What the task requires:
Pictures excluded, set down exactly the lines from the one containing "4-Seasons Four-Seasons Fan" through the final line of the material, and only those.

Data section:
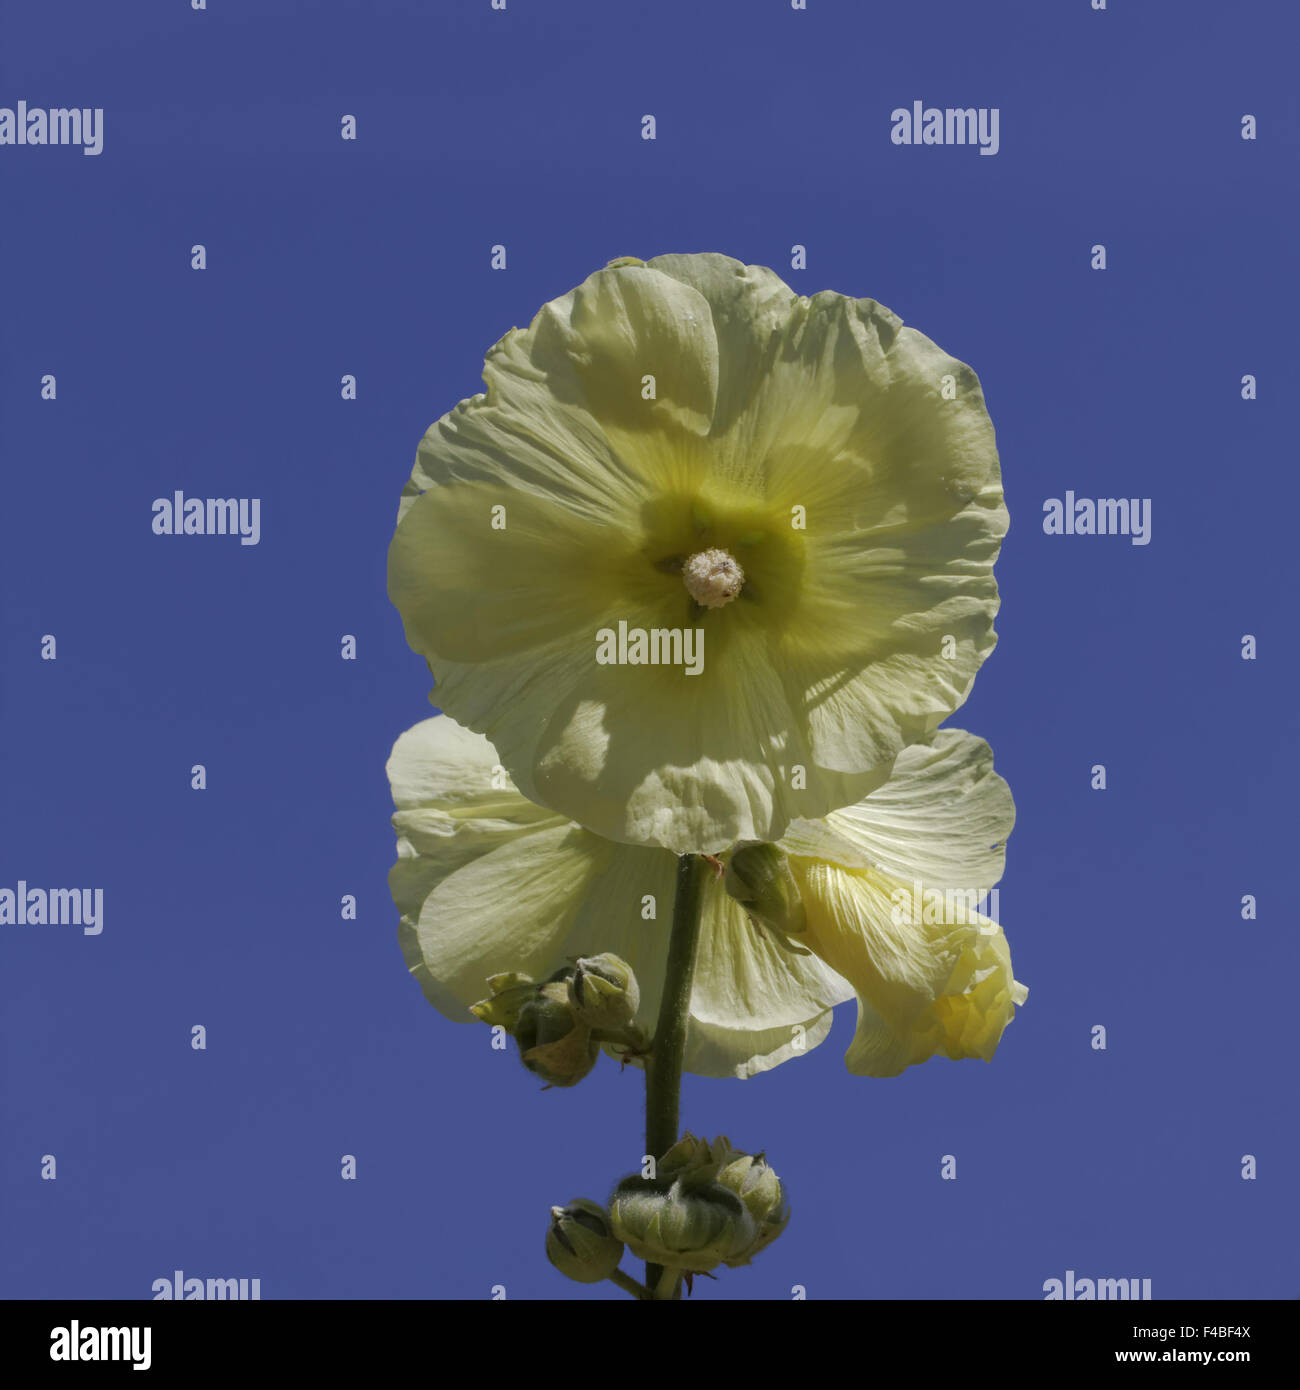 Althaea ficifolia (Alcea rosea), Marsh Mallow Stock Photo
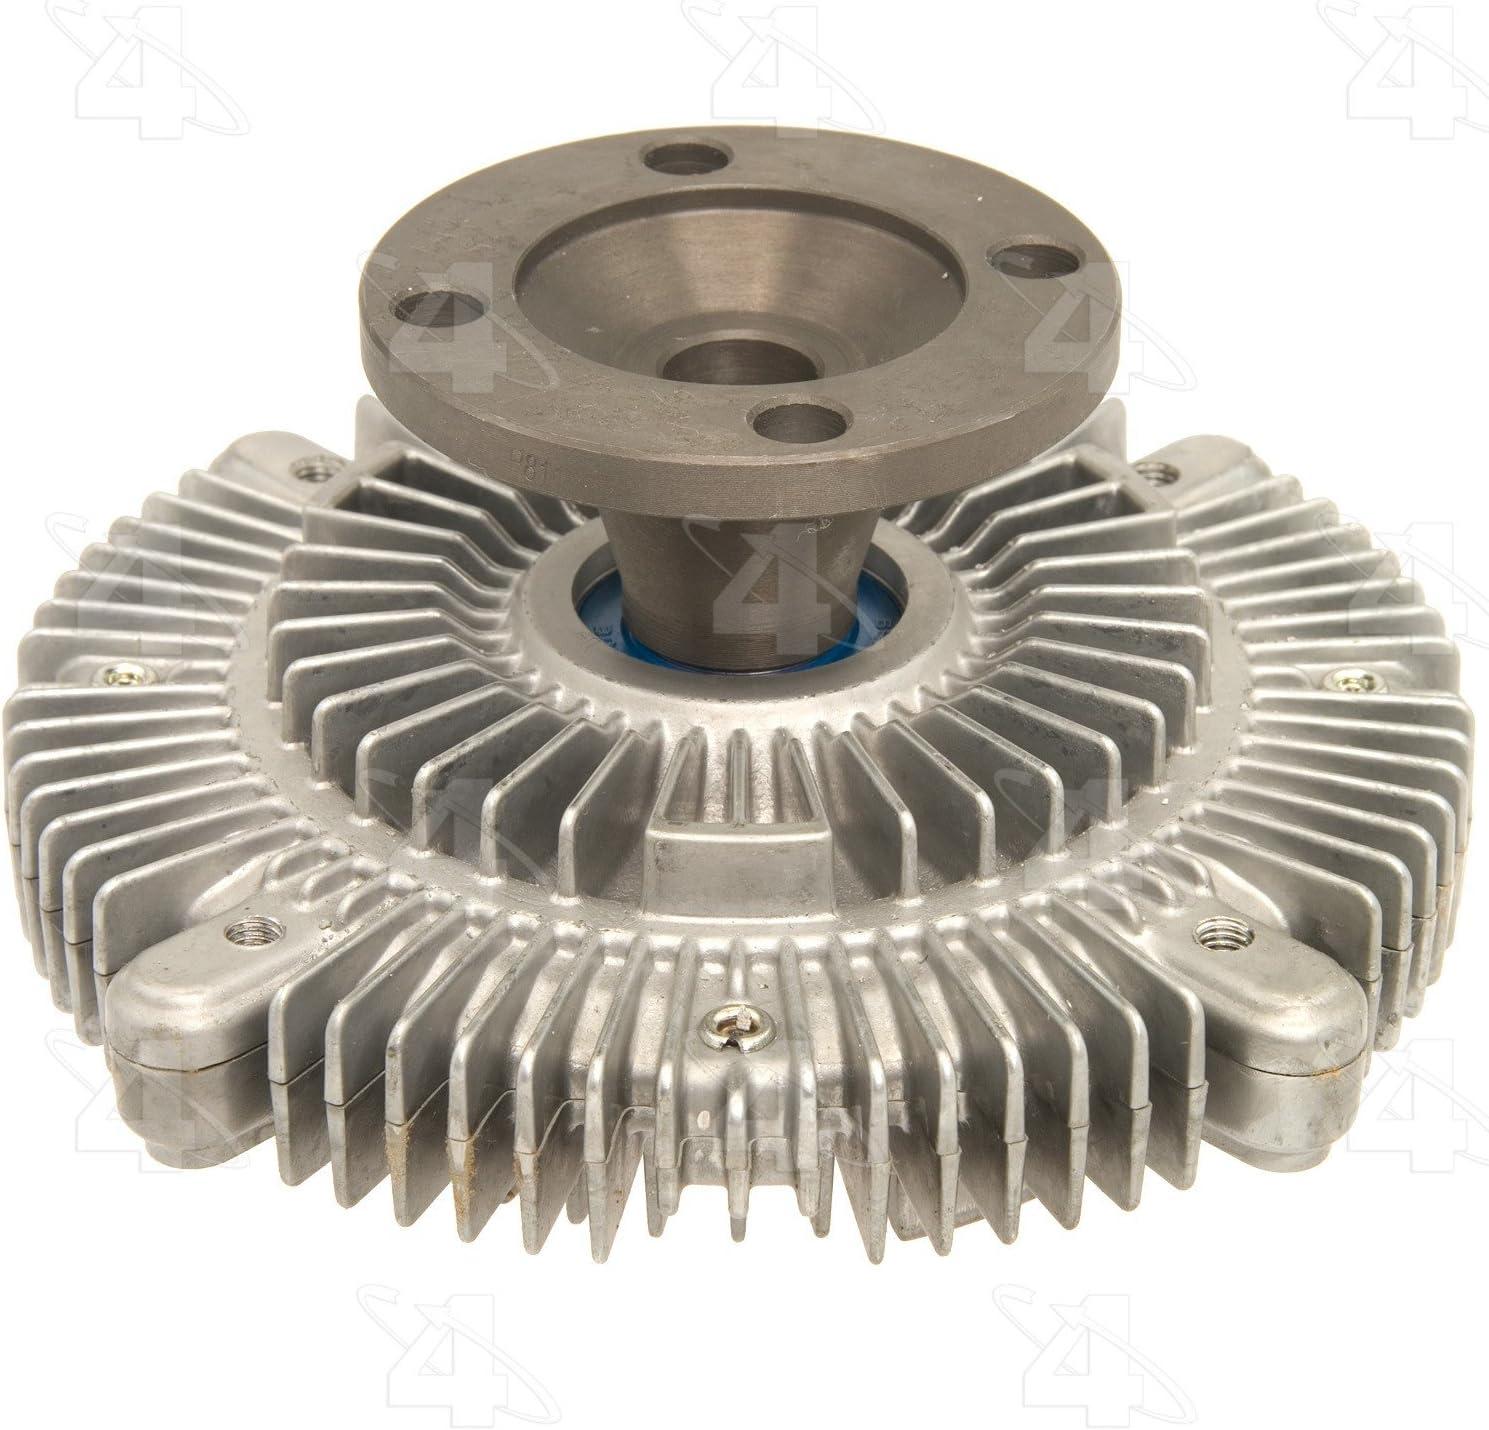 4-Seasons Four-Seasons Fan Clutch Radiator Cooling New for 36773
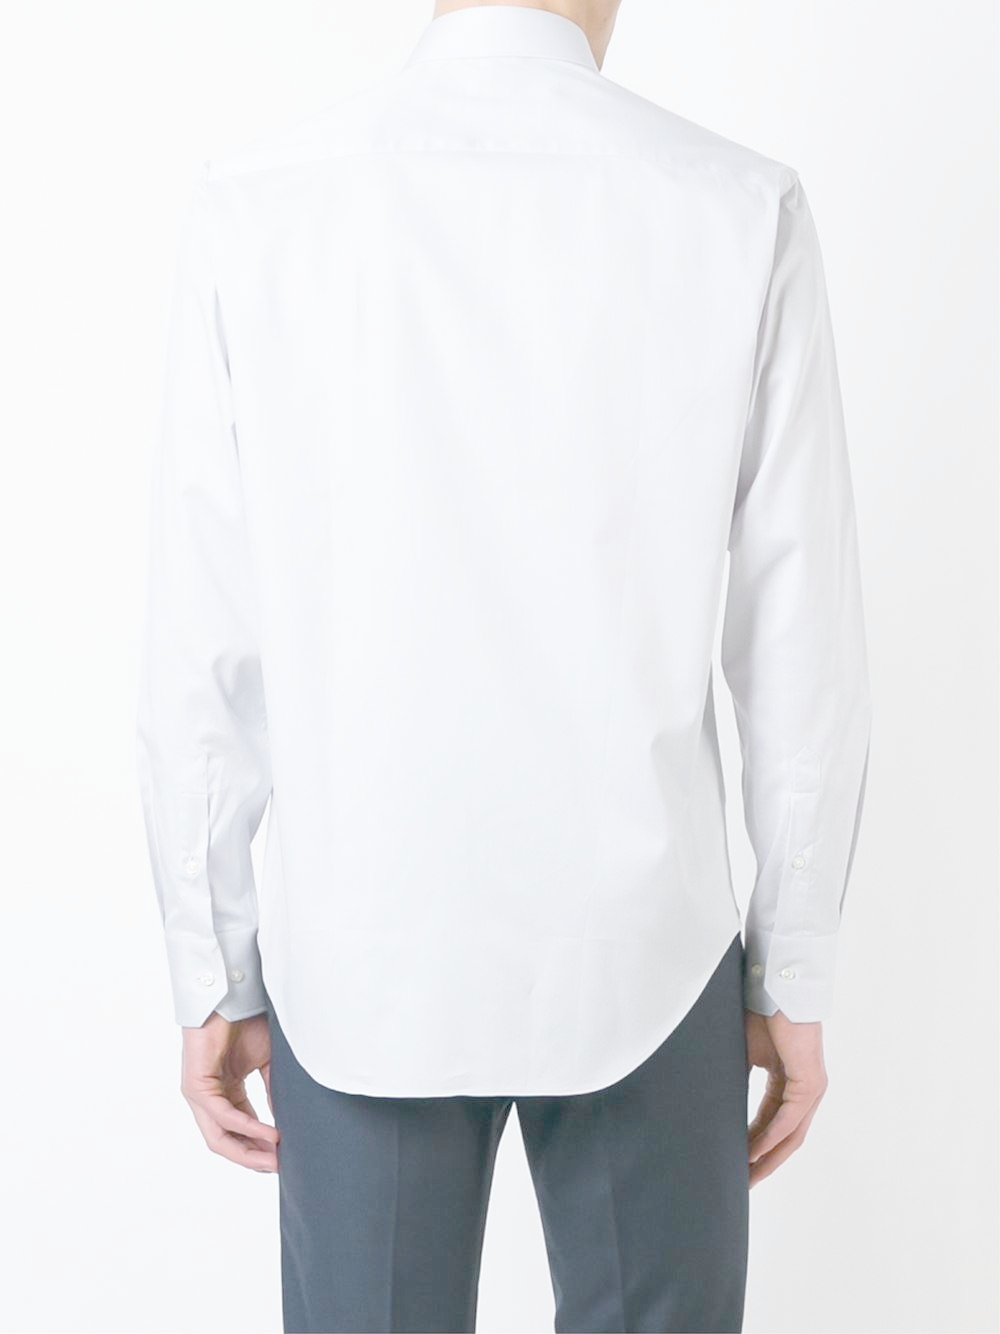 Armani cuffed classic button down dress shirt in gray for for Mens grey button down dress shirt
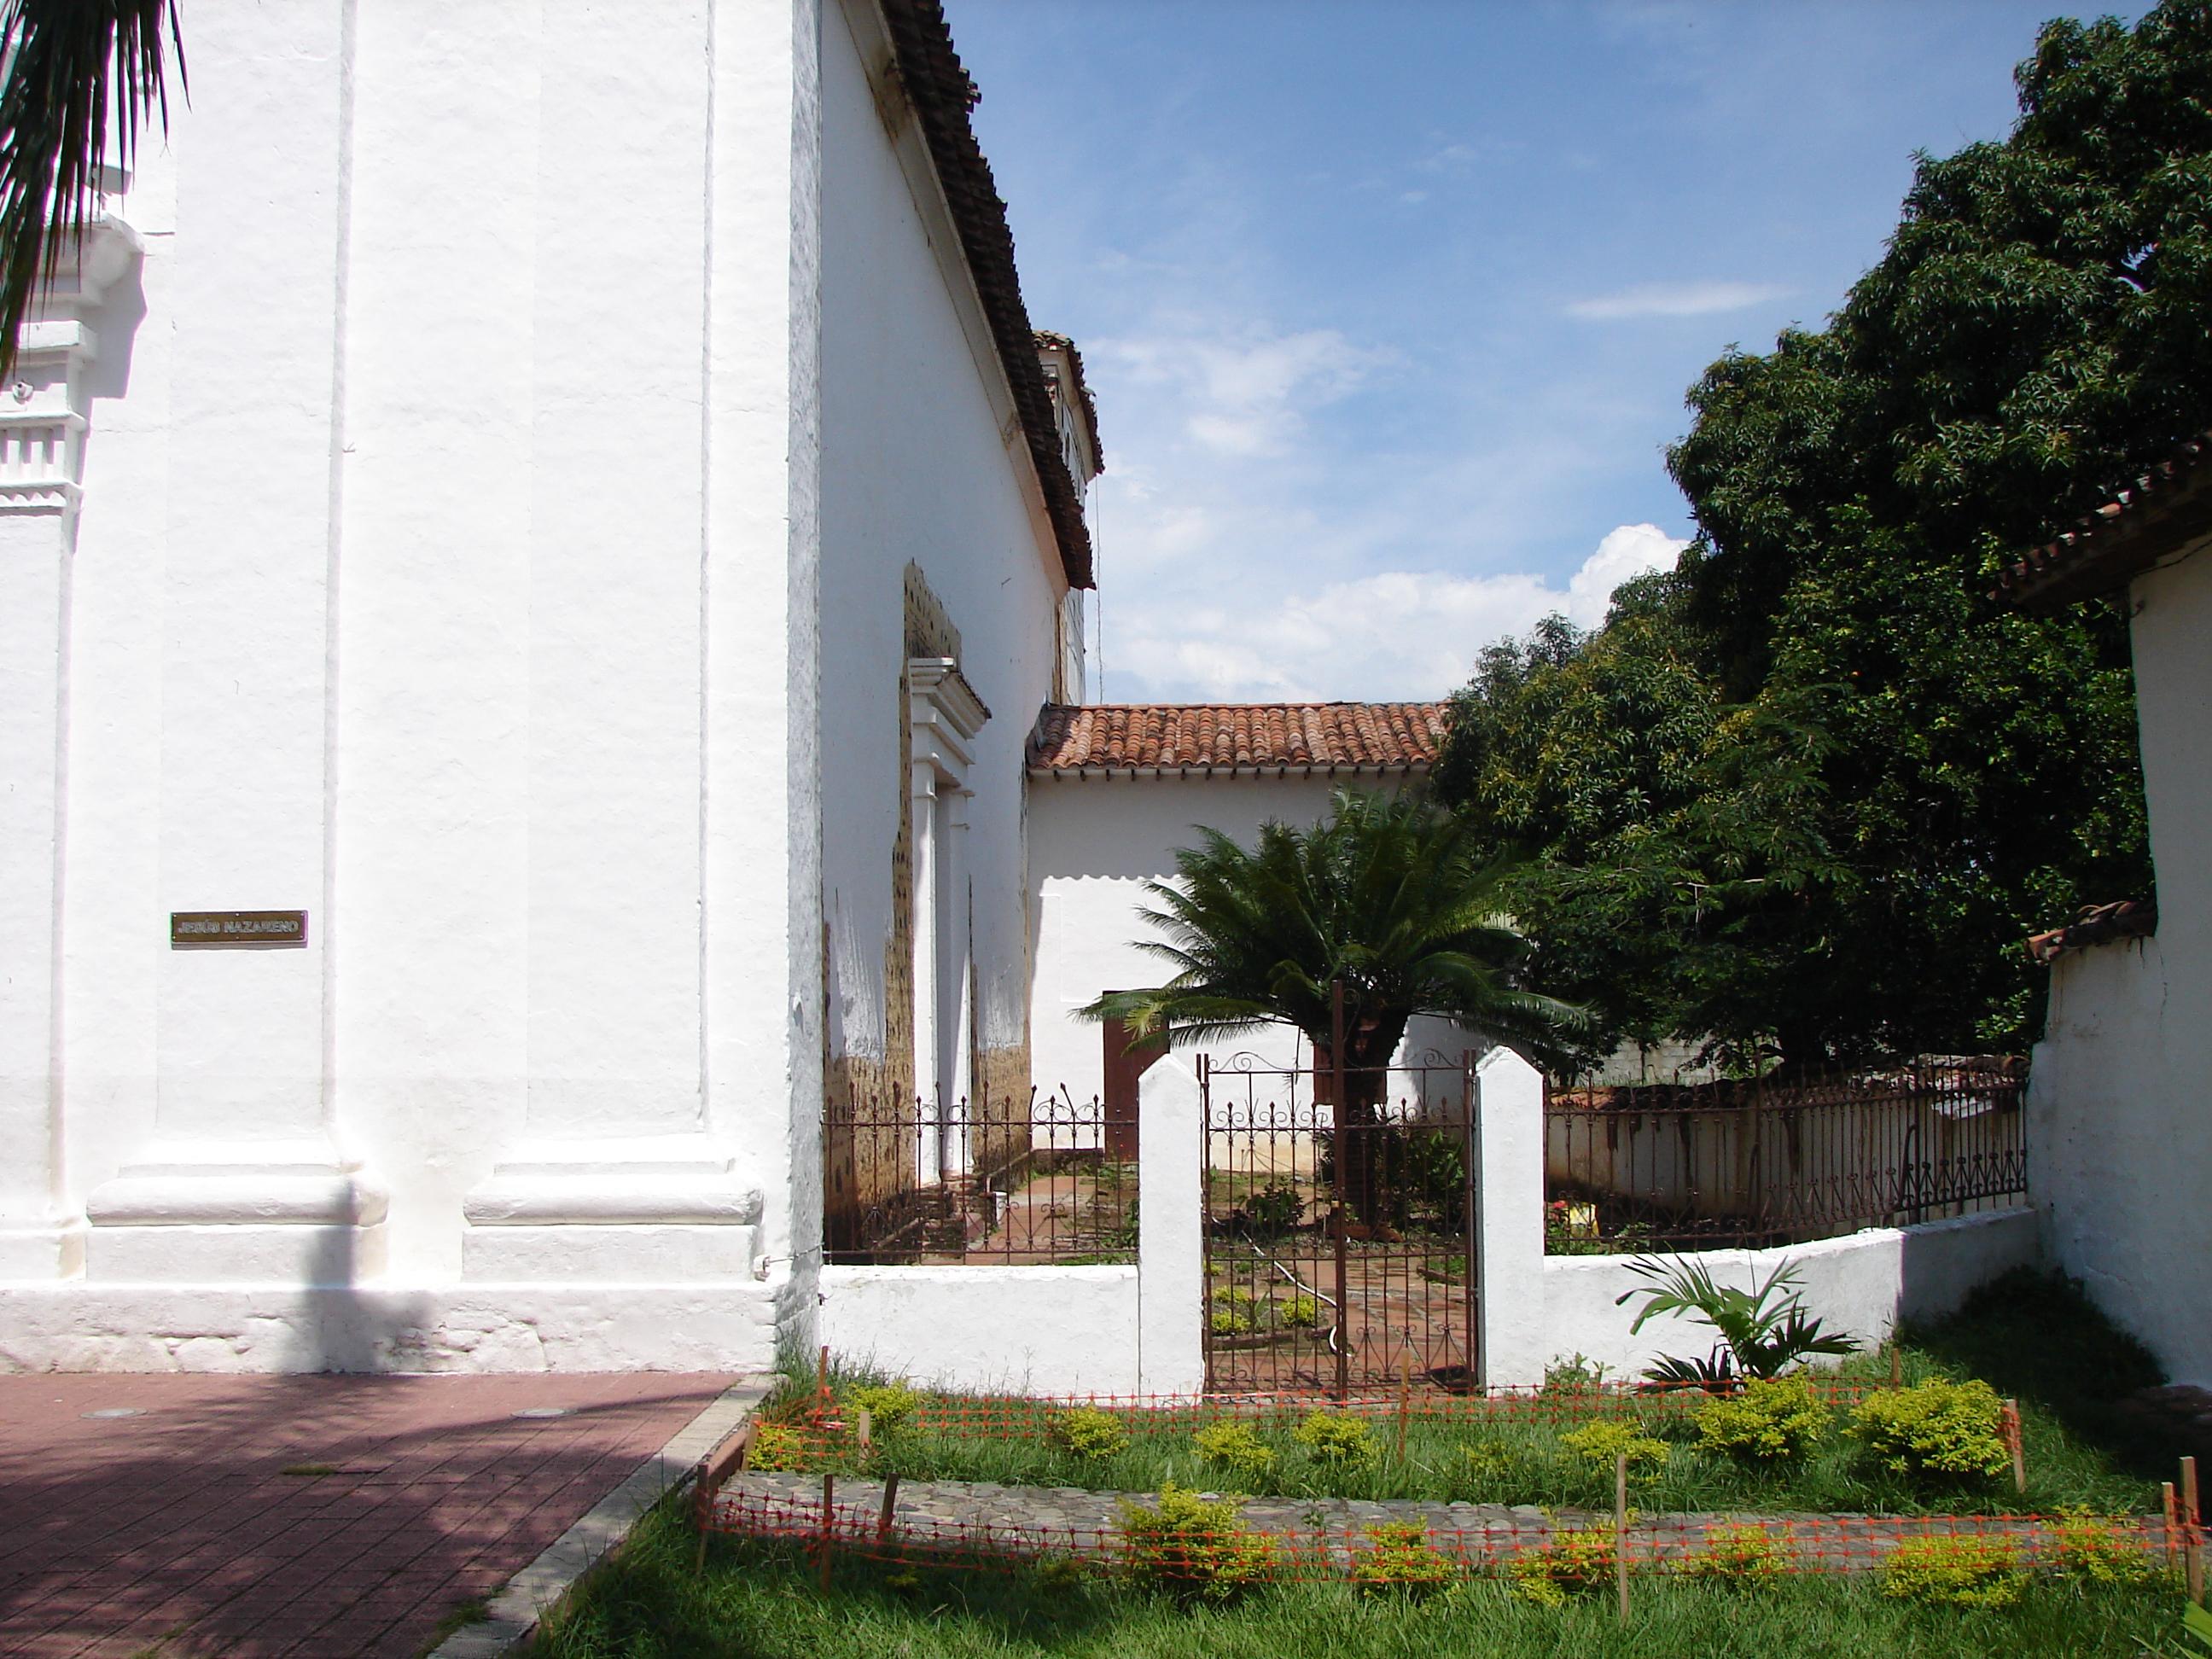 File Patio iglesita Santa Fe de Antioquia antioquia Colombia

Your solution:
 4-Seasons Four-Seasons Fan Clutch Radiator Cooling New for 36773
 Armani cuffed classic button down dress shirt in gray for for Mens grey button down dress shirt
 File Patio iglesita Santa Fe de Antioquia antioquia Colombia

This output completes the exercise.